本

『新約聖書 歴史・文学・宗教』

ホンとの本

『新約聖書 歴史・文学・宗教』
G.タイセン
大貫隆訳
教文館
\2100
2003.2

 1943年生まれのドイツの神学者。ドイツの新約聖書に関する分野の学問のリーダーの一人であろう。新しい時代には新しい研究結果が入手できる。だがまた、二千年もの間人間たちが人類の宝として保ち続け探り続けた書物が相手である。おいそれと新たな見解が出てくるわけではない、と思われることだろう。しかし、考古学をはじめ新たな発見があり、周辺文化の理解が進む中で聖書の記事の読み方が見出されることも稀ではない。まして、信仰という、生きる核心部分につながる事柄に関するものであるために、人々の関心も強い。語学的なものももちろんだが、どういう読み方をするものか、多くの見方や考え方があるというものだ。それも、学問に基づくものもあれば、感情的なものもある。では感情的なものがすべて虚偽かというと、これが必ずしもそうではないから面白い。
 そういうわけで、新しい読み方を提示してくれるとなると、これはまた実に挑戦的で面白いものとなるはずなのであるが、この新約聖書のいわば概論たる本、なかなかどうして、面白い構成と著述となっている。それは、たんに新約聖書のこれこれはこういう歴史でこのように書かれ……といった説明を仕方なしに施すようなものではないからである。
 ここには、生きた読み方がある。
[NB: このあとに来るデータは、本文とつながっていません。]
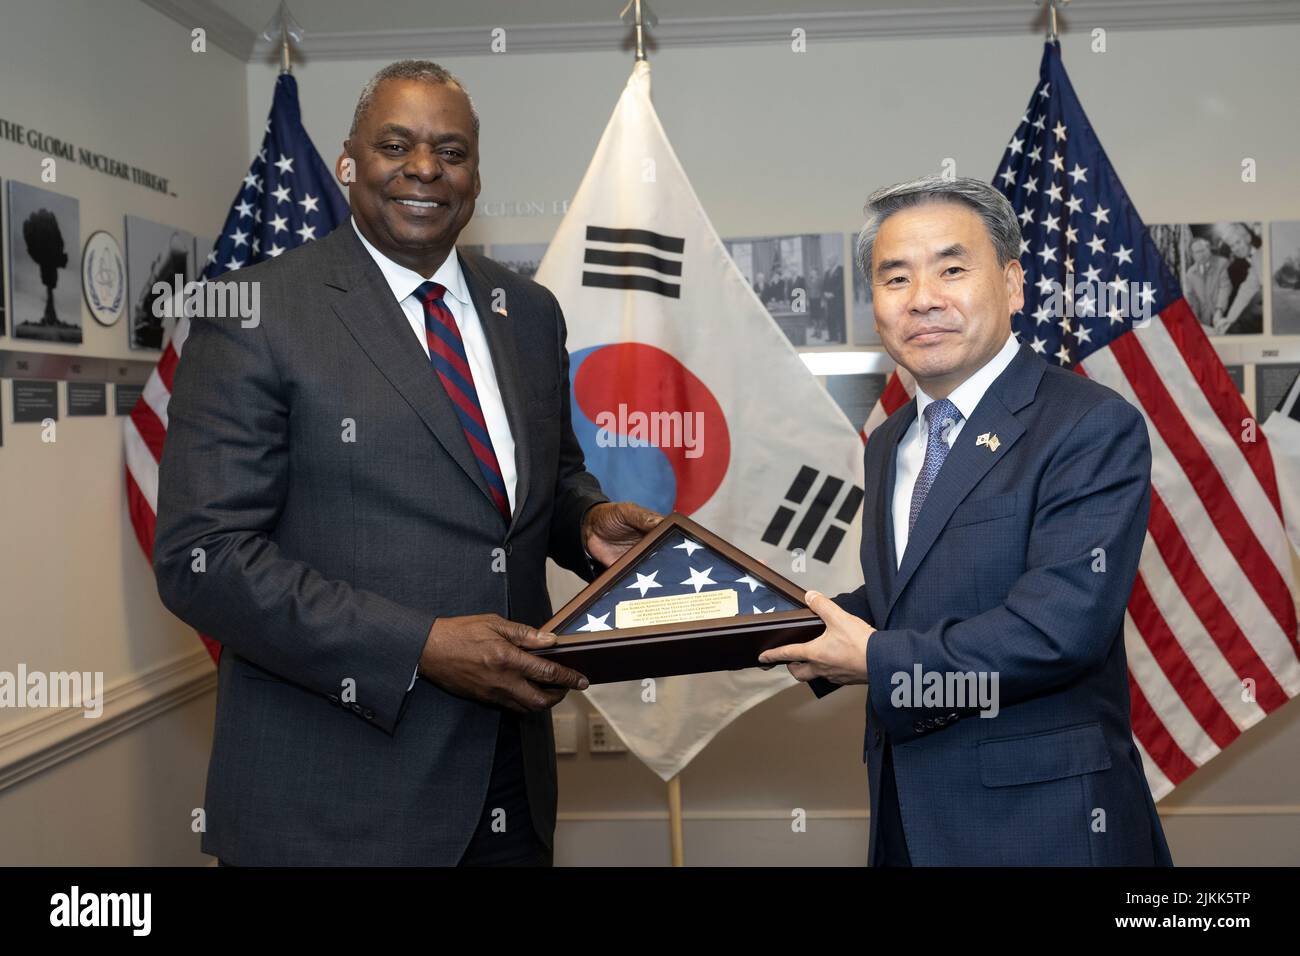 Arlington, United States of America. 29 July, 2022. U.S. Secretary of Defense Lloyd J. Austin III, presents a gift to South Korean Minister of National Defense Lee Jong-sup, right, before the state of bilateral talks at the Pentagon, July 29, 2022 in Arlington, Virginia.  Credit: Lisa Ferdinando/DOD/Alamy Live News Stock Photo

読者が、聖書の中で神と出会うにあたり、どういう出会い方をするのか、どの言葉にどう反応するとどういう世界が見えてくるか、そんなところが描いてあるからである。だからこそ、サブタイトルに「文学」などという言葉が見られるのであろう。
 もちろん、様々な説がある。聖書についてさもこれが真理だというように平然と書いてあるものは、むしろ怪しむべきであろう。著者ももちろんその点は分かっている。しかし、ああでもないこうでもないという書きぶりは、読者をただ混乱させることにもなりかねない。このバランスが難しい。本書は、現代最先端の研究結果を踏まえた形をとっている。もちろんそれが真理だという断定は禁物であるが、それを一つの前提として、読者をぐいぐい引っ張っていく。しかも、それの証明めいたものに囚われることはしない。実に、新書的な書きぶりだと考えて戴ければよいだろうか。
 その上で、たんに内容の羅列ではなく、新約聖書のそれぞれの巻が、どういう観点から書かれたのか、いわば文学的な分析の成果により、どこかストーリー仕立てに、聖書の背景が暴かれていくような書き方をしている。そこには、大胆な仮説はないかもしれない。また、私自身、そうだろうかと訝しく思う記事もないわけではない。だが、およそ現代の研究の成果を垣間見るものとしては、実に読みやすい本だとは言えないだろうか。
 それは、聖書の外の歴史的な史料にも基づいて提示されるからなおさらである。そういう親切で細かな指摘が、この本をぜひ座右に置き、なにかと参照して聖書を読んでいきたいものだという気を起こさせる。少なくとも、ギリシア語で直接聖書を舐めていくことまではできないという人は、ひとつ有力なガイドとして利用するとよいのではないだろうか。単なる語義と常識的コメントや、護教的な信仰の勧めだけからは得られない、生きた聖書理解に近づくことであろう。
 その意味でも、優れた視点により提供されたものであると言うことができる。